We acknowledge that population movements across the globe pose significant challenges to receiving nations, including our own. CBC members have been active in condemning U.S. policies on the inhumane treatment of migrants attempting to seek asylum here, and will continue to do so in the strongest possible terms. Nonetheless, as noted at the beginning of this letter, the CBC has taken a decades-long interest in the wellbeing of those of African descent all over the world. The Office of the United Nations High Commissioner on Refugees (UNCHR) has raised concerns that migrants in Israel “have not found adequate safety or a durable solution to their plight and that many have subsequently attempted dangerous onward movements within Africa or to Europe.” Press and nonprofit organizations have reported that migrants are not granted a legal path to seek asylum or temporary protected status, nor adequate opportunities for legal employment. Even more alarming are reports that migrants are vulnerable to human traffickers and can become trapped in a cycle of abuse after their departure from Israel. Several reports state that African migrants are being sent to third countries for resettlement without adequate regard to their safety in the new country.

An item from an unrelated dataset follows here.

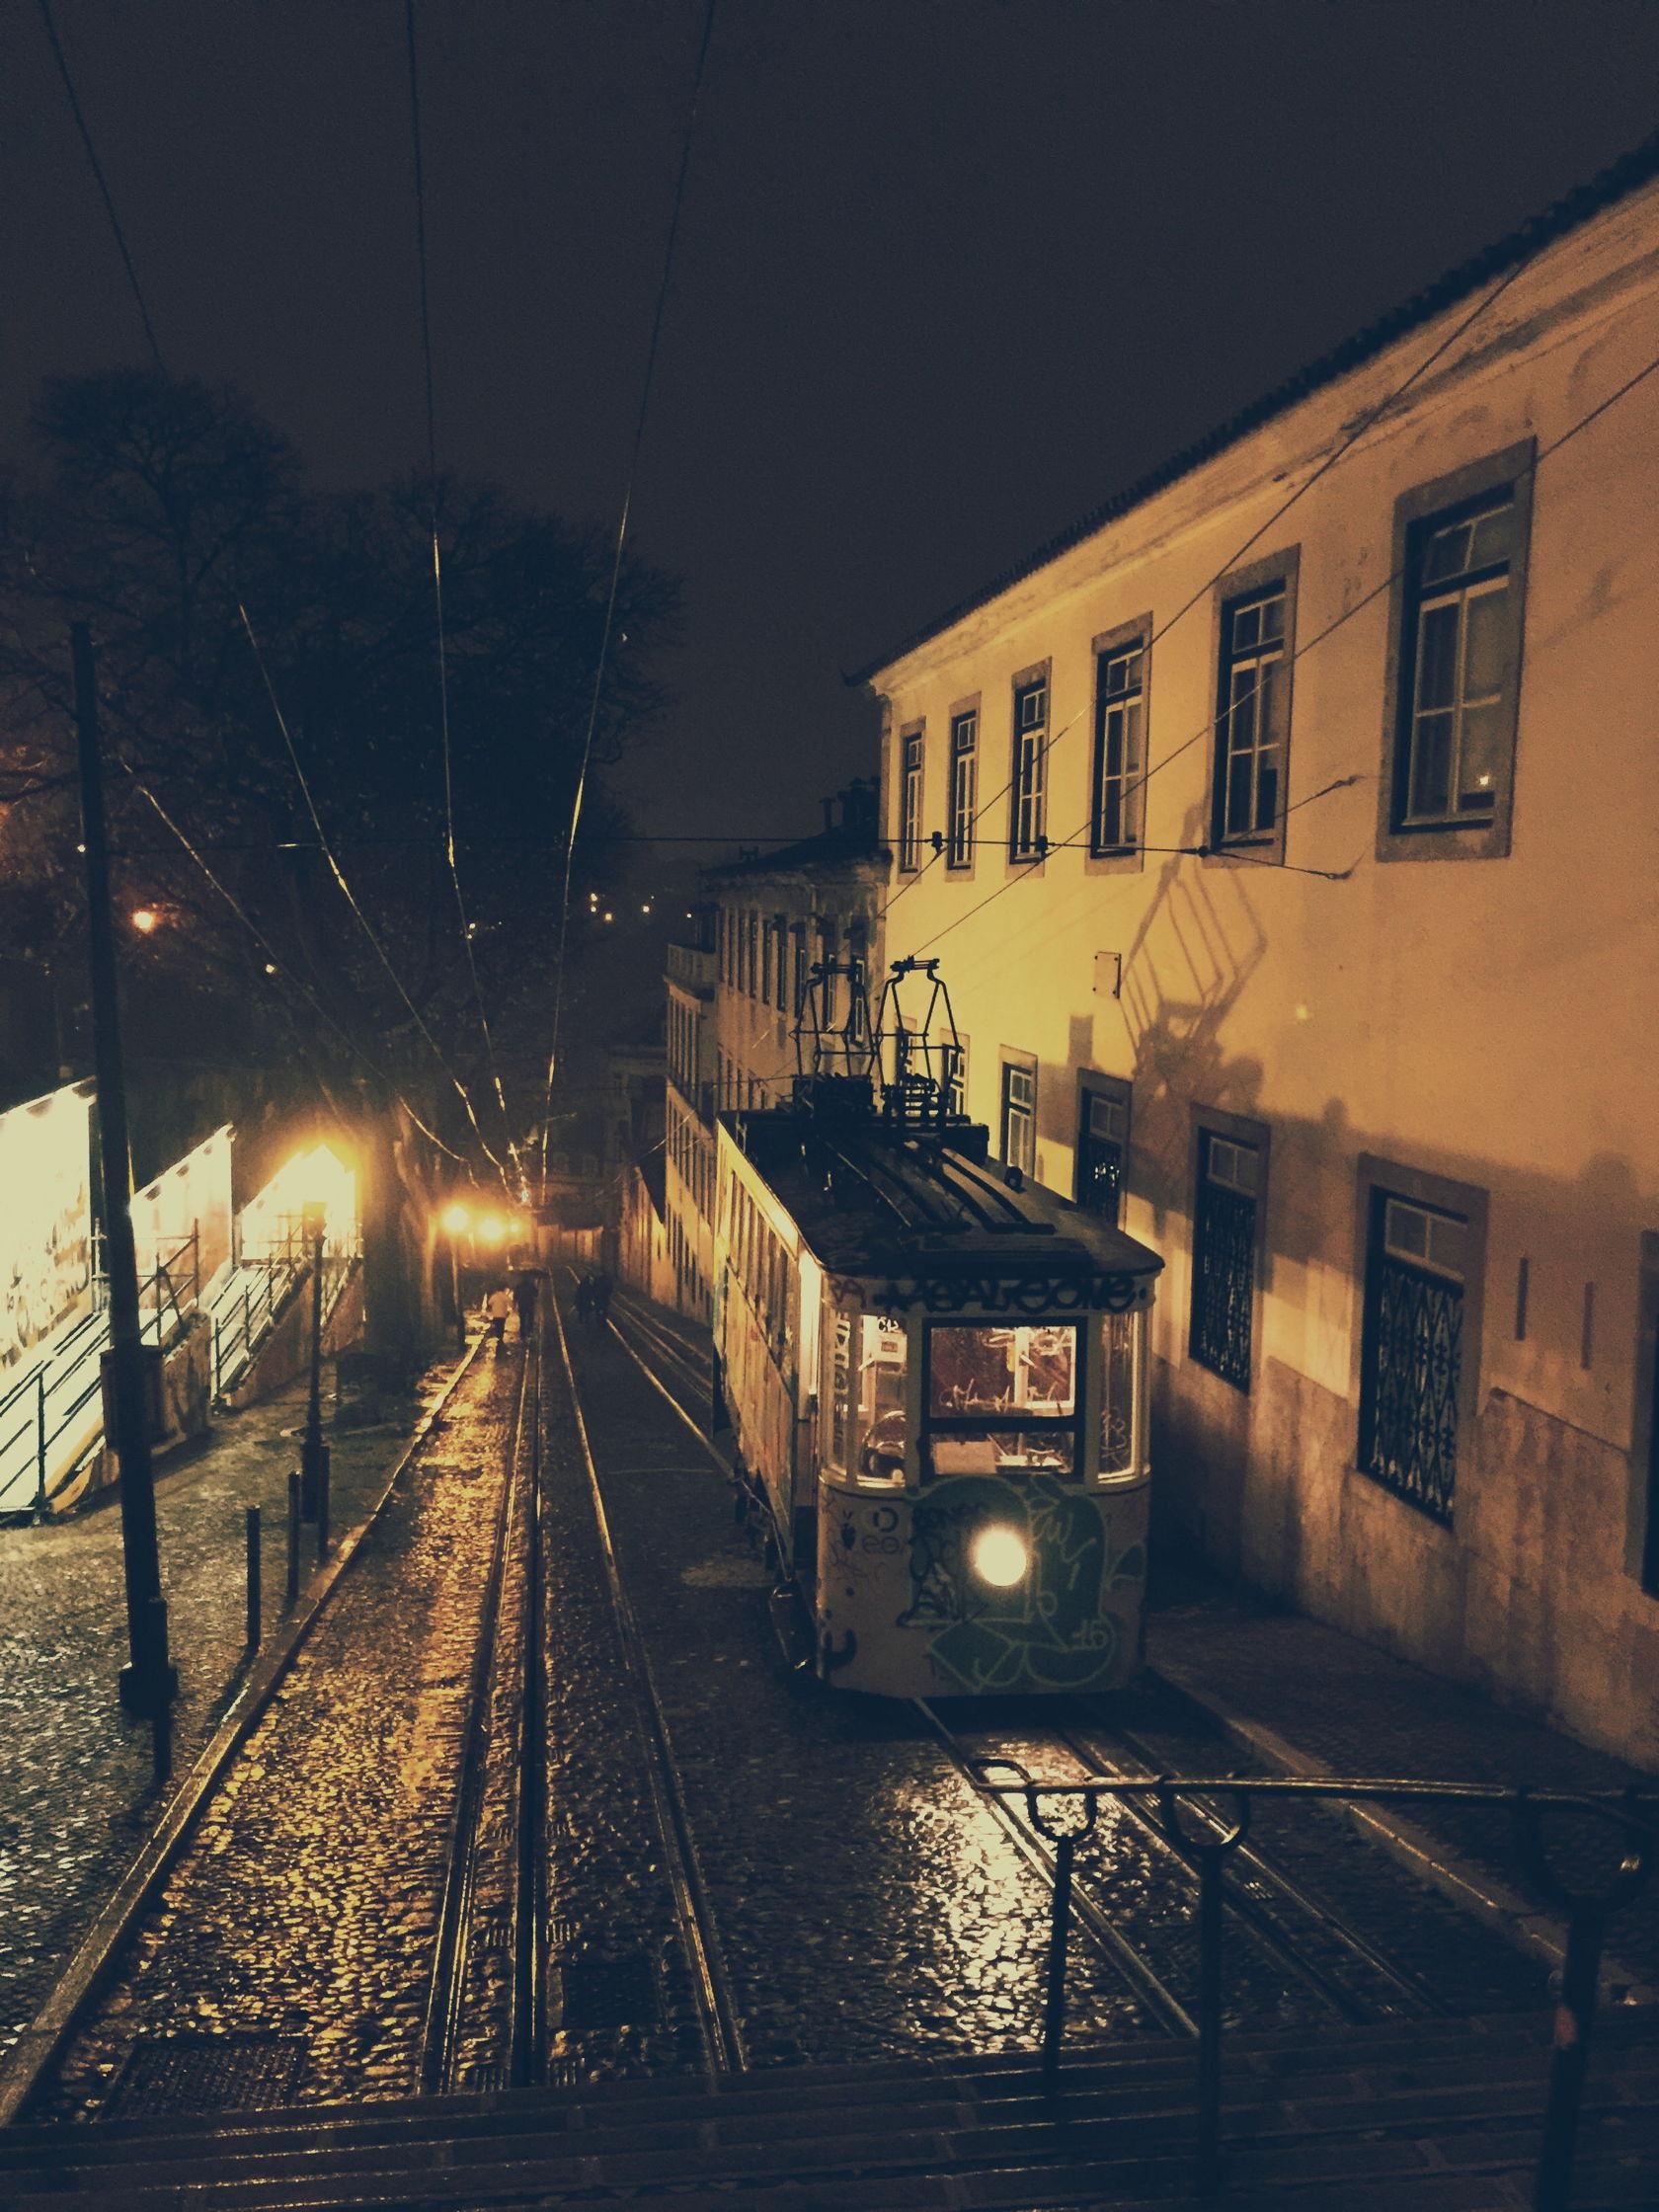 lisbon, night, лиссабон, ночь, вечерний лиссабон, ночной лиссабон
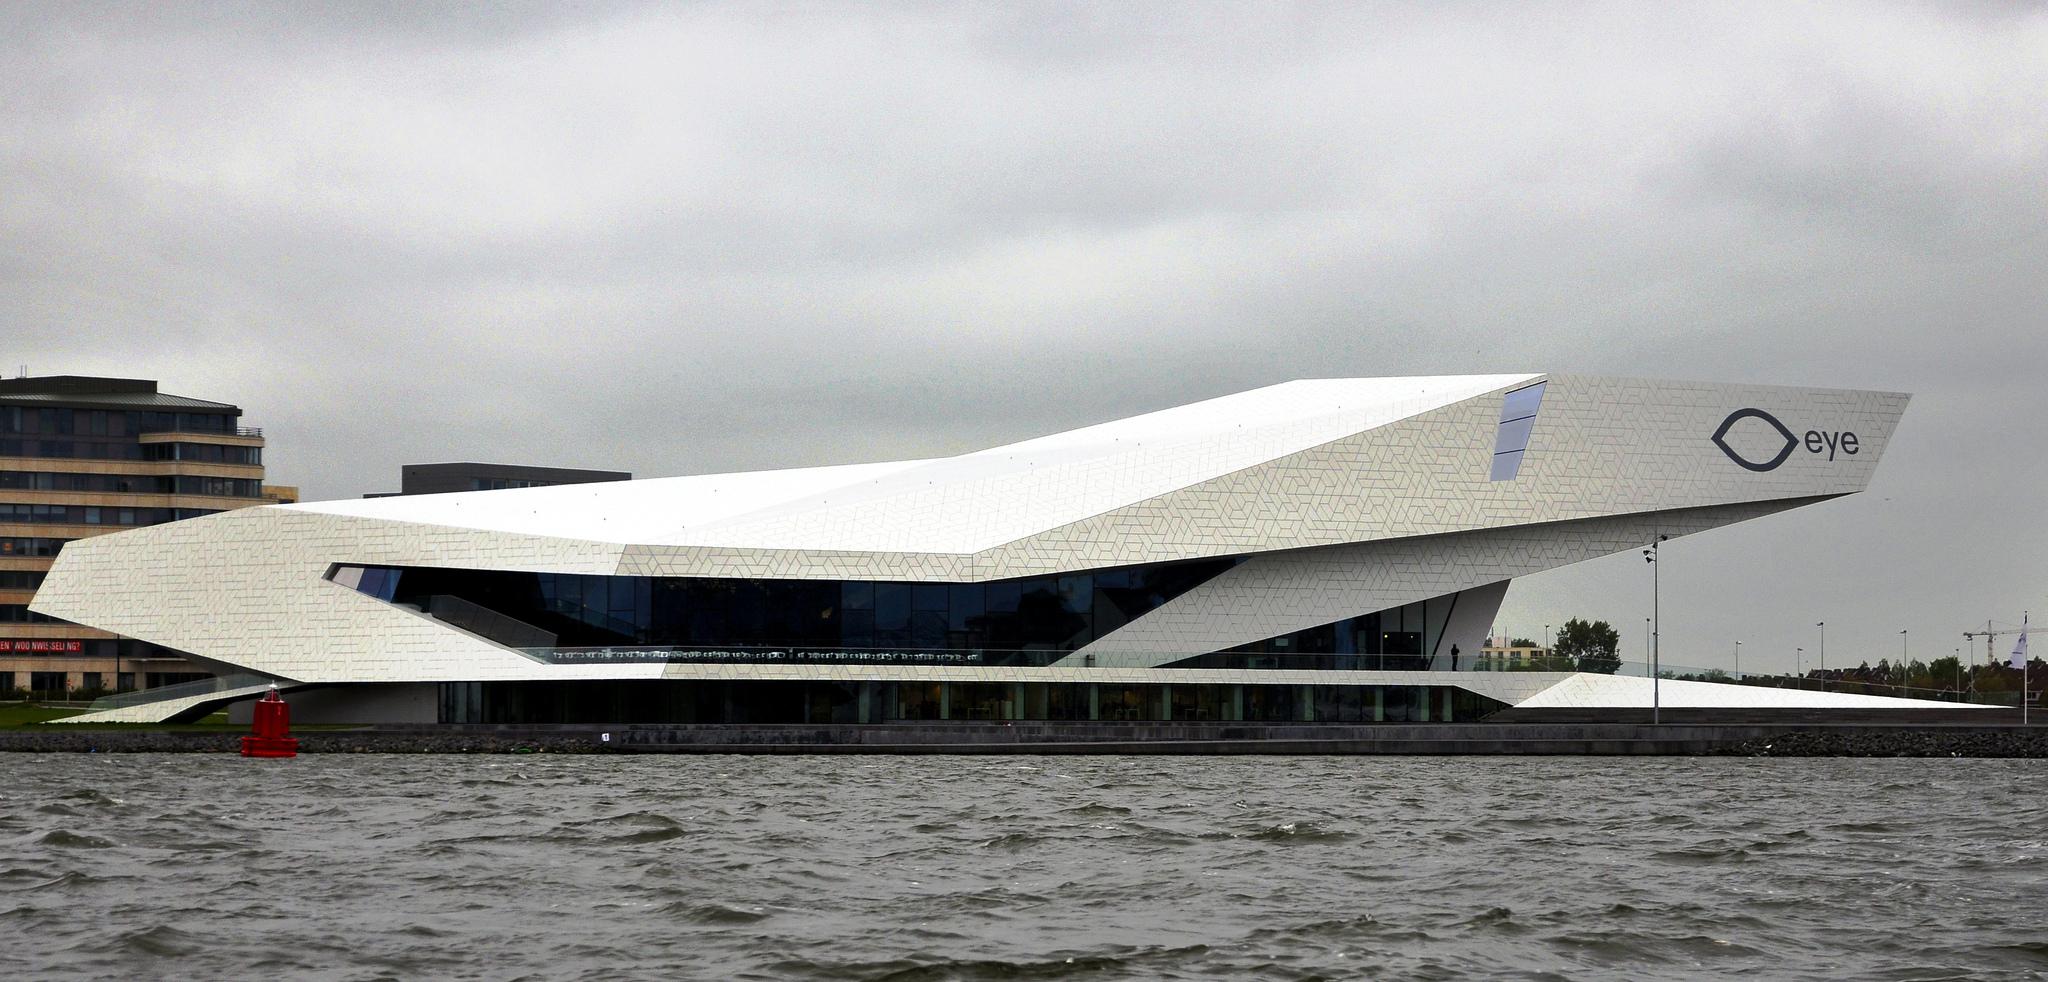 8 Unique And Unusual Restaurants To Visit In Amsterdam

Even if they are allowed into Israel proper and gain employment while awaiting a decision on their cases, press reports indicate that migrants’ wages are subject to a twenty percent “tax,” with that amount only available to the migrant on departure from the country. This reportedly has the effect of trapping migrants in entrenched poverty. The U.S. State Department has called on Israel to repeal this “deposit law” and further noted that the law “significantly increases vulnerabilities to trafficking” among African migrants. Again, we seek to learn:
3. What steps is the Israeli government taking to combat vulnerability of migrants to trafficking and/or abuse when deported or resettled in a third country?
4. What is the Israeli government’s response to the concern expressed by the U.S. State Department about the deposit tax on migrant wages? We would appreciate statistics and details on the implementation of this tax.
Several Jewish Americans and prominent Jewish leaders, including academics, authors, artists, and rabbis have joined their Israeli counterparts in urging the Israeli government to change its highly restrictive laws regarding African migrants. The Anti-Defamation League and Hebrew Immigrant Aid Society have publicly written to the Office of the Prime Minister expressing their concern with the planned removal of African migrants. We share their concerns and urge Israel to amend its immigration policy towards African migrants.
We look forward to hearing from you regarding these important matters.